One bit of the code was using localtime and another bit was using gmtime. Fixed now.

[QUOTE=fivemack;187959]That's eight experiments (13e vs 14e, 16777215 vs 33554431, lpb=28 vs 29); sieve the same range, presumably 2^25 .. 2^25+1000, for each of them and see what works better.[/QUOTE]

Results (on my C2D laptop, not on my very busy P4 as yesterday) (sieving from ~2^24 to ~2^24+1000 (ooops), mfb = 2*lp)

I calculated a "28-score" to compare the "lp29" results with the "lp28" ones; just yield/2 and sec/rel*2.

a3: rlim = alim = 2^25-1, lp 28, 13e
total yield: 1509, q=16779001 (0.09158 sec/rel)

b3: rlim = alim = 2^25-1, lp 29, 13e
total yield: 3128, q=16779001 (0.04460 sec/rel)
"28-score": 1564 / 0.08920

c3: rlim = alim = 2^24-1, lp 28, 13e
[B]total yield: 1306, q=16779001 (0.08176 sec/rel)[/B]

d3: rlim = alim = 2^24-1, lp 29, 13e
total yield: 2603, q=16779001 (0.04205 sec/rel)
"28-score": 1301.5 / 0.08410

a4: rlim = alim = 2^25-1, lp 28, 14e
total yield: 3082, q=16779001 (0.09659 sec/rel)

b4: rlim = alim = 2^25-1, lp 29, 14e
total yield: 6240, q=16779001 (0.04877 sec/rel)
"28-score": 3120 / 0.09754

c4: rlim = alim = 2^24-1, lp 28, 14e
total yield: 2584, q=16779001 (0.09689 sec/rel)

d4: rlim = alim = 2^24-1, lp 29, 14e
total yield: 5061, q=16779001 (0.04965 sec/rel)
"28-score": 2530 / 0.0933

So I think I will take rlim = alim = 2^24-1, lp 28, with the 13e siever - or should I repeat the experiment with Q0=2^25?
Edit: Just tweaked my script accordingly and started the experiment.

[QUOTE=Andi47;188027]
So I think I will take rlim = alim = 2^24-1, lp 28, with the 13e siever - or should I repeat the experiment with Q0=2^25?
Edit: Just tweaked my script accordingly and started the experiment.[/QUOTE]

Q0=2^25 gives the same result:

a3: rlim = alim = 2^25-1, lp 28, 13e
total yield: 1517, q=33555439 (0.13332 sec/rel)
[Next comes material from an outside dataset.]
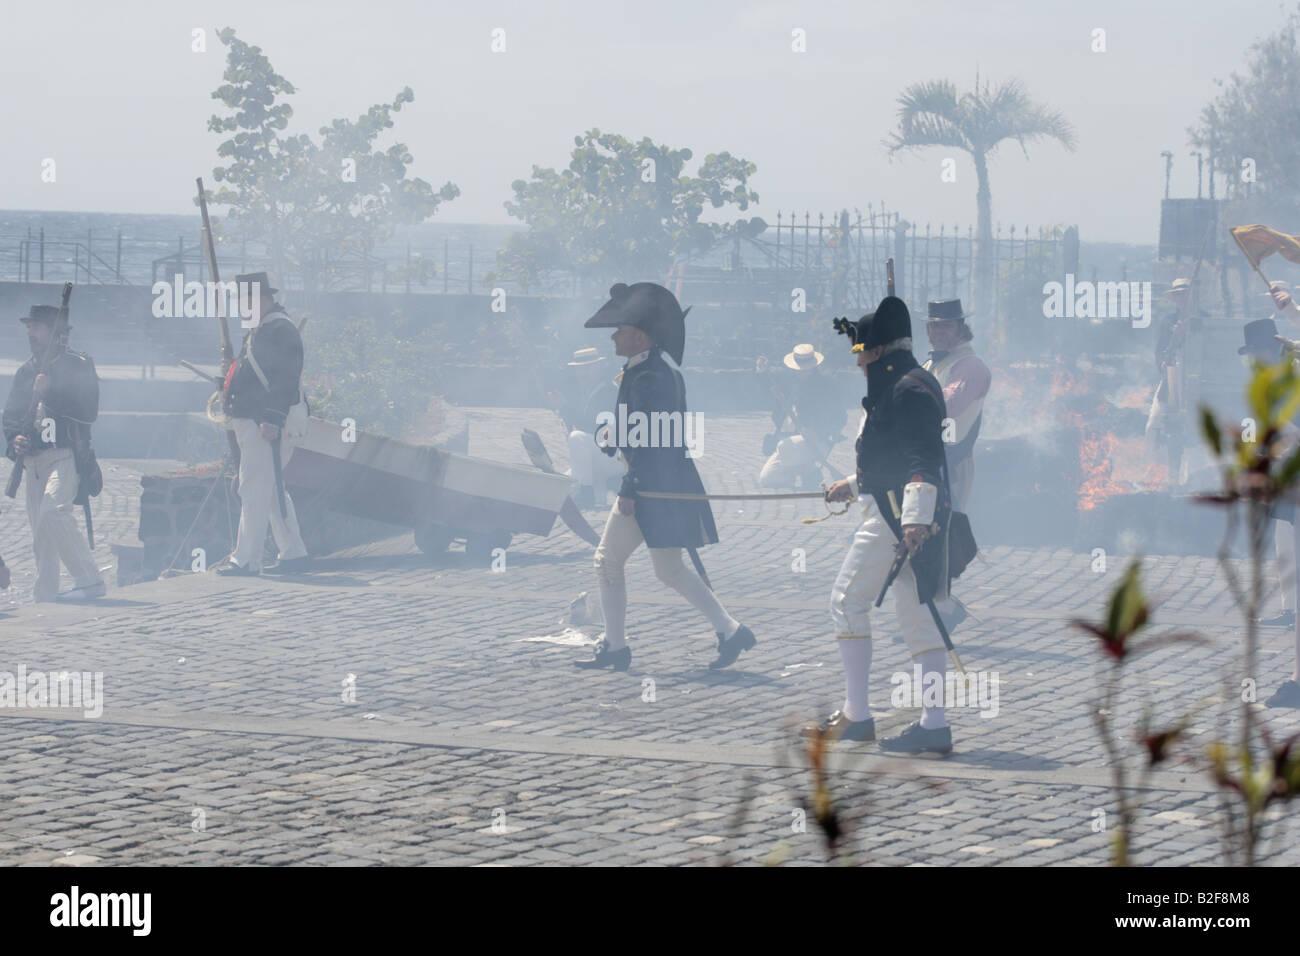 Capitano Troughbridge e le truppe inglesi si muovono attraverso una smoky haze durante una rievocazione storica del 1797 Battaglia di Santa Cruz Tenerife Foto Stock

b3: rlim = alim = 2^25-1, lp 29, 13e
total yield: 3053, q=33555439 (0.07026 sec/rel)
28-score: 1526.5 / 0.14052

c3: rlim = alim = 2^24-1, lp 28, 13e
[B]total yield: 1252, q=33555439 (0.10164 sec/rel)[/B]

d3: rlim = alim = 2^24-1, lp 29, 13e
total yield: 2403, q=33555439 (0.05264 sec/rel)
28-score: 1201.5 / 0.10521

a4: rlim = alim = 2^25-1, lp 28, 14e
total yield: 2977, q=33555439 (0.12830 sec/rel)
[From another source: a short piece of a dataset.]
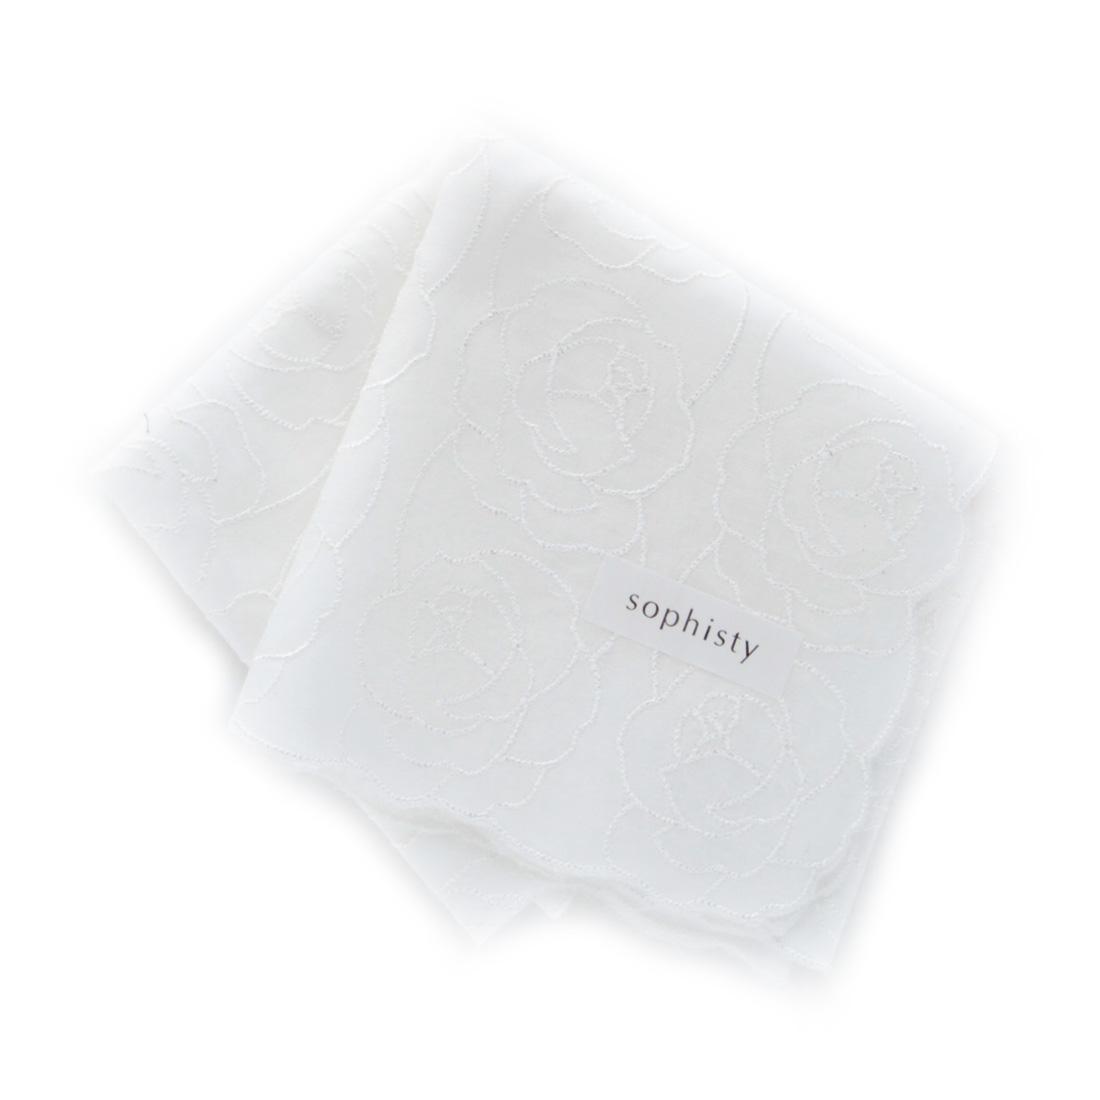 ソフィスティ 刺繍入りハンカチ 0201 アイボリー

b4: rlim = alim = 2^25-1, lp 29, 14e
total yield: 6098, q=33555439 (0.06318 sec/rel)
28-score: 3049 / 0.12636

c4: rlim = alim = 2^24-1, lp 28, 14e
total yield: 2380, q=33555439 (0.12204 sec/rel)

d4: rlim = alim = 2^24-1, lp 29, 14e
total yield: 4674, q=33555439 (0.06316 sec/rel)
28-score: 2337 / 0.13632

Extrapolating from that says that c3 would be the fastest to get ~28M relations (I guess I would need ~27M ... 35M rels) with ~2.567M seconds (~30 CPU-days), so I will go with rlim = alim = 2^24-1, lp 28, 13e.

[QUOTE=fivemack;187541]Touché. Running them now (4 threads on i7 each, since 5pm on 23rd August) and should have factors before the first birthday of the reservation.[/QUOTE]

And done:
[code]
Wed Sep 2 02:21:31 2009 prp54 factor: 156856020082959523616587909662783965994208064240475509
Wed Sep 2 02:21:31 2009 prp110 factor: 17426077921418681977480489616045159043445721454789036743338720418172464114055358444947859361977046685927541261

Wed Sep 2 02:00:03 2009 prp81 factor: 189336367039730109801009638518058760056609393829914619289697816020709477269865093
Wed Sep 2 02:00:03 2009 prp94 factor: 8283442039618108275937758760461138397871290459364421016175942327901266305862698032989481720917
[/code]

For this size of number, sieving with 29-bit large primes takes exactly the same time, namely 770 i7/2800 thread-hours (eight days), whether you use small prime bound 3*2^23 and work backwards (to about q=12 million) or 2^24 and work forwards (to about q=30 million).